Making it work in a VM is sort of the point here.  Thanks,

Alex
Jason Gunthorpe Aug. 13, 2024, 11:16 p.m. UTC | #4
On Tue, Aug 13, 2024 at 03:14:01PM -0600, Alex Williamson wrote:

> > Personally, I very much dislike this. Encouraging such hacky driver
> > use of the interrupt subsystem is not a good direction. Enabling this
> > in VMs will further complicate fixing the IRQ usages in these drivers
> > over the long run.
> 
> Clearly these _guest_ drivers are doing this regardless of the
> interfaces provided by vfio, so I don't see how we're encouraging hacky
> driver behavior, especially when it comes to Windows guest drivers.

Because people will then say the Linux driver can't be fixed to
properly use an irq_domain/etc as the only option that works in VMs
will be the hacky copy from MSI-X approach :\

> > Thomas Gleixner has done alot of great work recently to clean this up.
> > 
> > So if you imagine the driver is fixed, then this is not necessary.
> 
> How so? 

Because if the driver is properly using the new irq_domain/etc
infrastructure to model its additional interrupt source then this
patch won't make it work in the VM anyhow, so it is not necessary..

Your other patch would be the only short term answer.

Jason
Jason Gunthorpe Aug. 13, 2024, 11:39 p.m. UTC | #5
On Tue, Aug 13, 2024 at 07:30:41PM +0200, Thomas Gleixner wrote:
> > Howver, it will still not work in a VM. Making IMS and non-MSI
> > interrupt controlers work within VMs is still something that needs to
> > be done.
> 
> Sure, but we really want to do that in a generic way and not based on ad
> hoc workarounds.
>
> Did the debate around this go anywhere?

No, it got stuck on the impossible situation that there is no existing
way for the VM to have any idea if IMS will work or is broken. Recall
Intel was planning to "solve" this by sticking a DVSEC in their
virtual config space that said to turn off IMS :\

So using IMS in the real world looked impractical and interest faded a
bit.

But the underlying reasons for IMS haven't gone away and more work is
coming that will bring it up again...

Jason
Alex Williamson Aug. 14, 2024, 2:55 p.m.
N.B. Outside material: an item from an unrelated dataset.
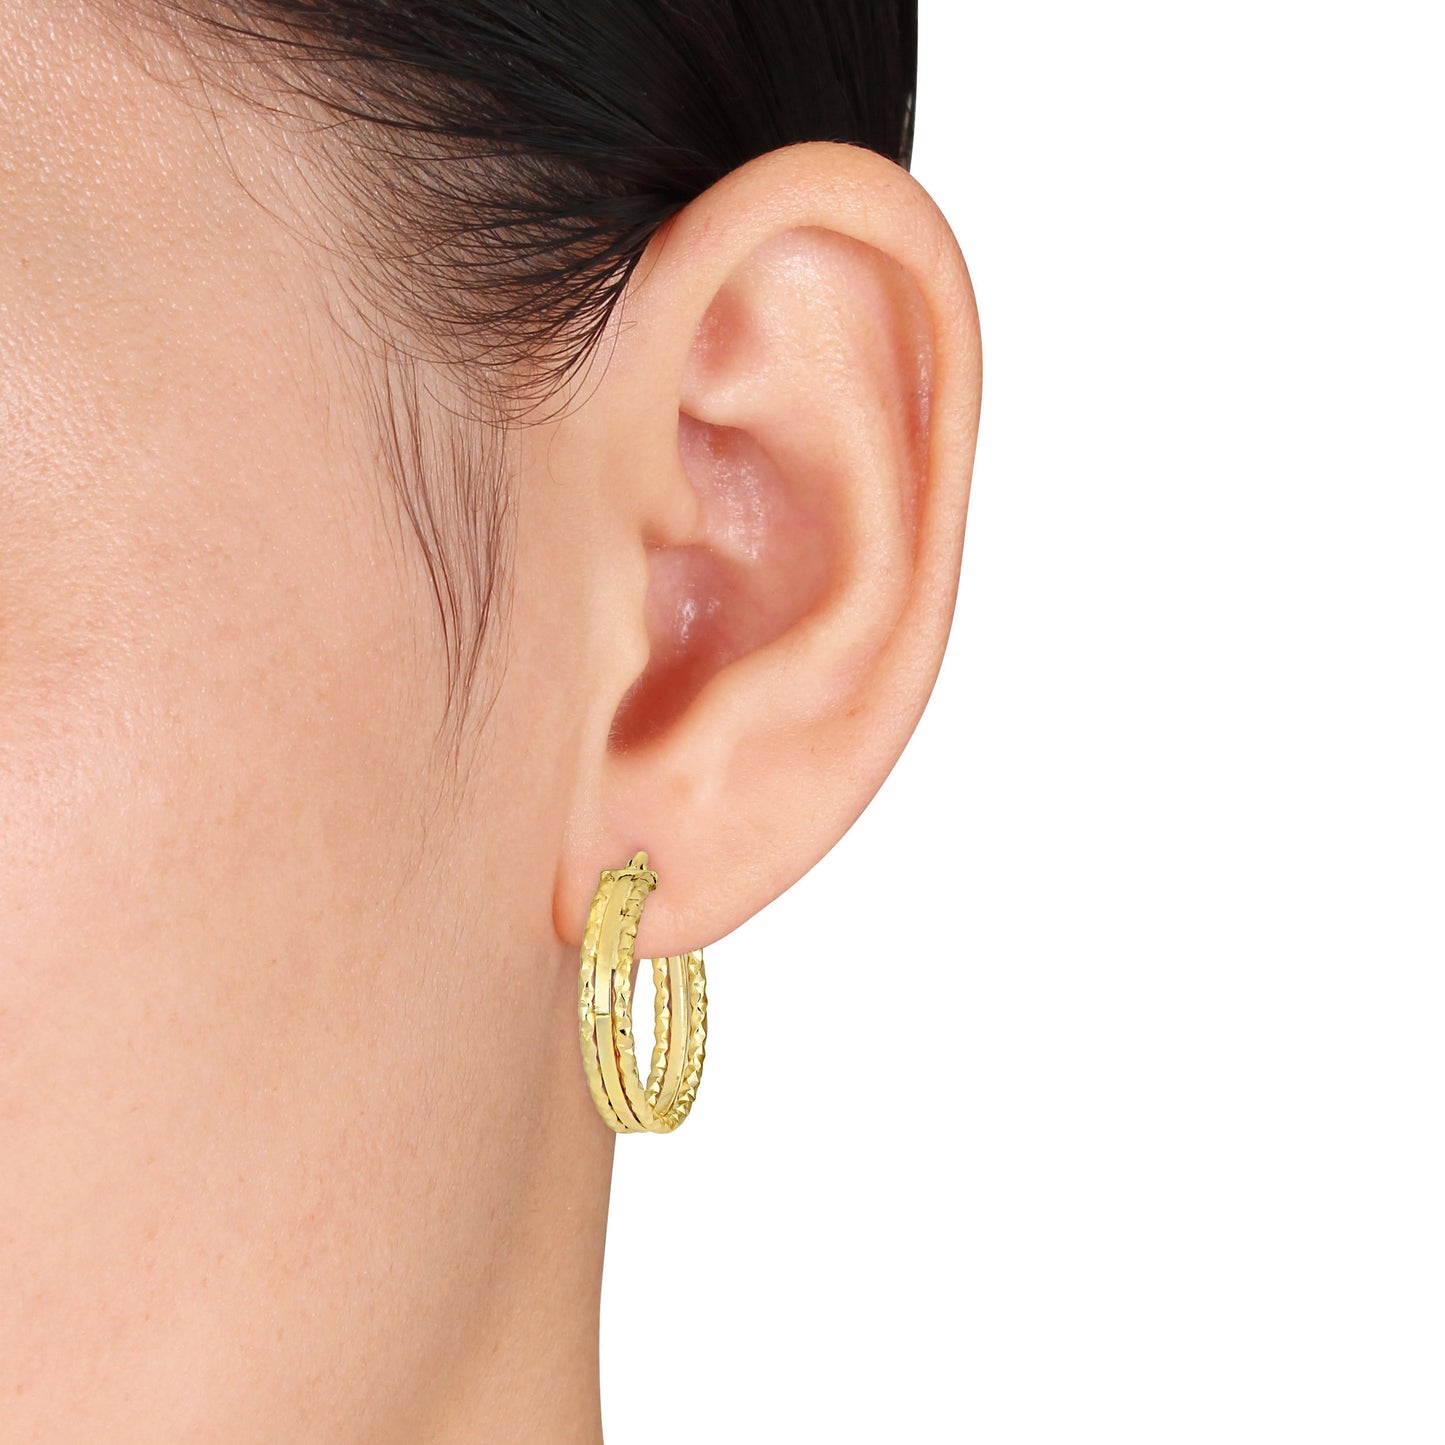 3-Row Hoop Earrings in 10k Yellow Gold

UTC | #6
On Tue, 13 Aug 2024 20:16:42 -0300
Jason Gunthorpe <jgg@ziepe.ca> wrote:

> On Tue, Aug 13, 2024 at 03:14:01PM -0600, Alex Williamson wrote:
> 
> > > Personally, I very much dislike this. Encouraging such hacky driver
> > > use of the interrupt subsystem is not a good direction. Enabling this
> > > in VMs will further complicate fixing the IRQ usages in these drivers
> > > over the long run.  
> > 
> > Clearly these _guest_ drivers are doing this regardless of the
> > interfaces provided by vfio, so I don't see how we're encouraging hacky
> > driver behavior, especially when it comes to Windows guest drivers.  
> 
> Because people will then say the Linux driver can't be fixed to
> properly use an irq_domain/etc as the only option that works in VMs
> will be the hacky copy from MSI-X approach :\

Ironically QEMU already has direct access to the MSI-X vector table in
MMIO space and could implement this type of quirk with no kernel
changes.  It's MSI that is now blocked by virtualization of the address
and data registers.  Note also that QEMU is still virtualizing these
registers, the values seen in the guest are unchanged.  It's only the
VMM that can bypass that virtualization to see the host values.

Let's imagine the guest driver does change to implement an irq_domain.
How does that fundamentally change the problem for the VMM that guest
MSI values are being written to other portions of the device?  The
guest driver can have whatever architecture it wants (we don't know
the architecture of the Windows driver) but we still need to trap
writes of the guest MSI address/data and replace it with host values.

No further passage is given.